И тогда в это мучительное утро, едва проснувшись, но уже в слезах, свернувшись калачиком под одеялом, я нахожу решение: я постараюсь жить настоящим, освещенным прошлым, не убегая от него к слабому свету будущего и не планируя его. Словом, так, как это делают дети. Это теперь должно стать правилом жизни, это вопрос выживания. Рядом потягивается Лоик. Его черты обострились. Покрасневшие глаза. Грубая реальность напоминает ему о себе. Я с ним делюсь своей идеей. Он молча соглашается и сжимает меня в объятиях, и это как знак подписания соглашения. Мы вместе выдержим это испытание. Это наша жизнь. И мы ее проживем.
*
Уже прошла неделя. 168 часов. 10 080 минут. Столько же было маленьких побед. Битва возобновляется каждое утро. Как только я просыпаюсь, меня сразу же пронзает мысль: «Таис больна». И каждый день я цепляюсь за обычные, повседневные дела, словно за спасательный круг. Чтобы не потонуть. Разбудить Гаспара и Таис, не расплакавшись; подать им завтрак и заставить себя немного поесть; отвести Таис к няне и оставить ее там, не расплакавшись. Пойти на работу. И работать.
Каждое утро мне очень хочется все бросить. Проводить целые дни со своей Таис, прильнув к ней, покрывать всю ее поцелуями и говорить ей, что я ее люблю. Как же мне этого хочется! Но это не жизнь. Это мечта, исполнение которой я откладываю на потом. Это будет на Небесах. Не здесь. Нужно двигаться вперед. Ради Лоика, ради Гаспара, ради нашего будущего ребенка. И конечно же, ради Таис.
Она остается все той же девочкой, очаровательной, шумливой, игривой, шаловливой. Своевольной, очень своевольной. Тем лучше. Ей понадобится много внутренней силы и боевого настроя, чтобы противостоять болезни. Сейчас все это у нее есть. Падая, она всегда поднимается. И она не перестает нас удивлять.

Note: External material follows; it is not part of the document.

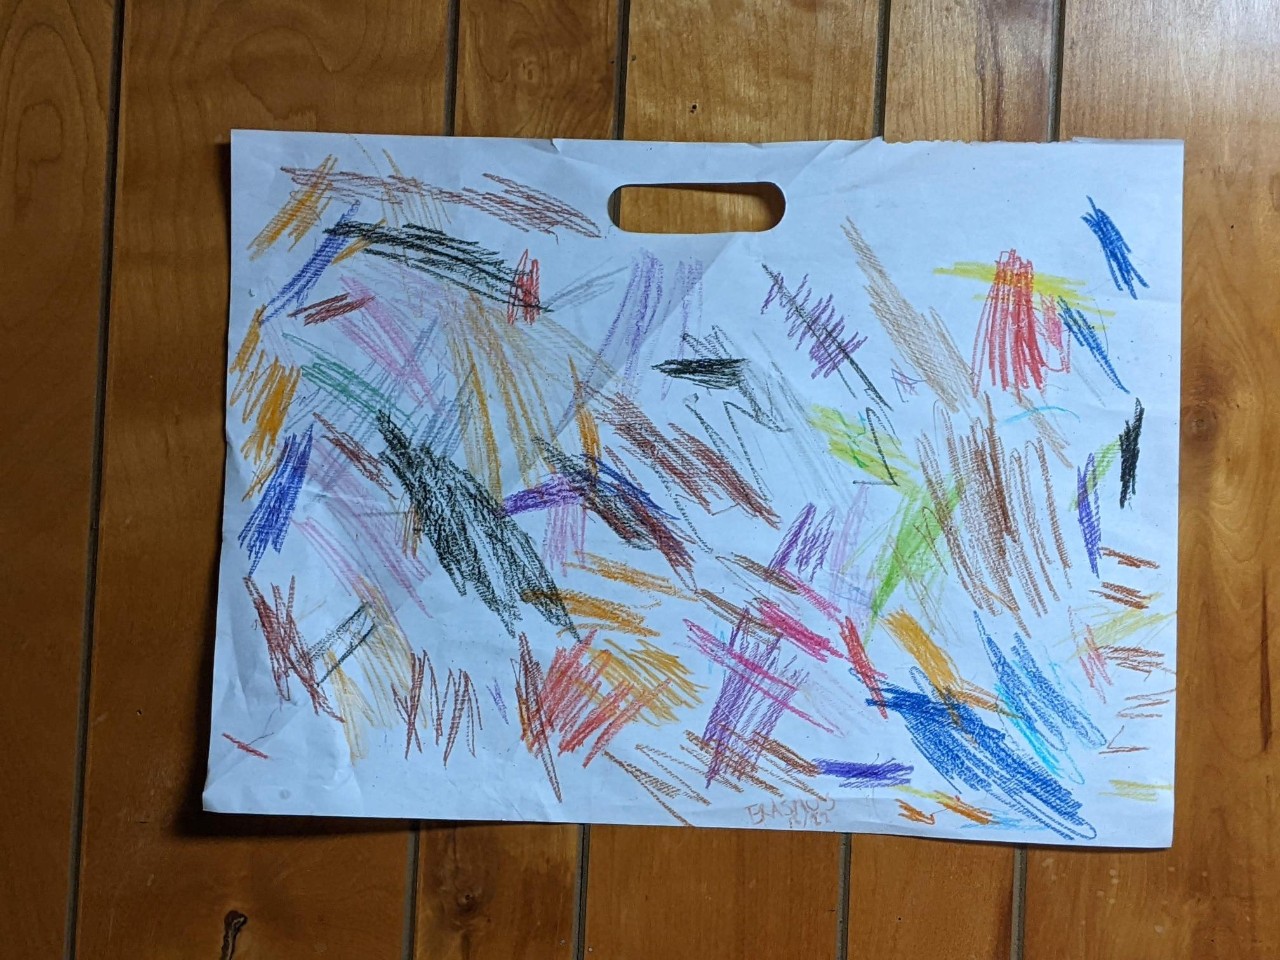 the actual artwork the toddler created, streaks of varying colors across the white paper

Через несколько дней мы замечаем явные признаки болезни. У нее дрожат руки. Они и раньше дрожали, но мы предпочитали этого не замечать. Сейчас ей больно даже закрывать фломастер или поднимать ложку. Я хочу ей помочь. Я стараюсь предварить каждое из ее усилий, действуя за нее. Но тогда она начинает нервничать.
— Нет, это Таис!
Она хочет все делать сама. Я сдаюсь. Перед этим и перед всем остальным. Я принимаю все ее желания, ей сходят с рук все капризы. Я хочу, чтобы она беспрепятственно извлекала пользу из своей жизни. Я хочу, чтобы она была абсолютно счастливой. Но происходит обратное. Она кажется взволнованной, раздосадованной. Я в растерянности. Я не знаю, что сделать, чтобы ее удовлетворить.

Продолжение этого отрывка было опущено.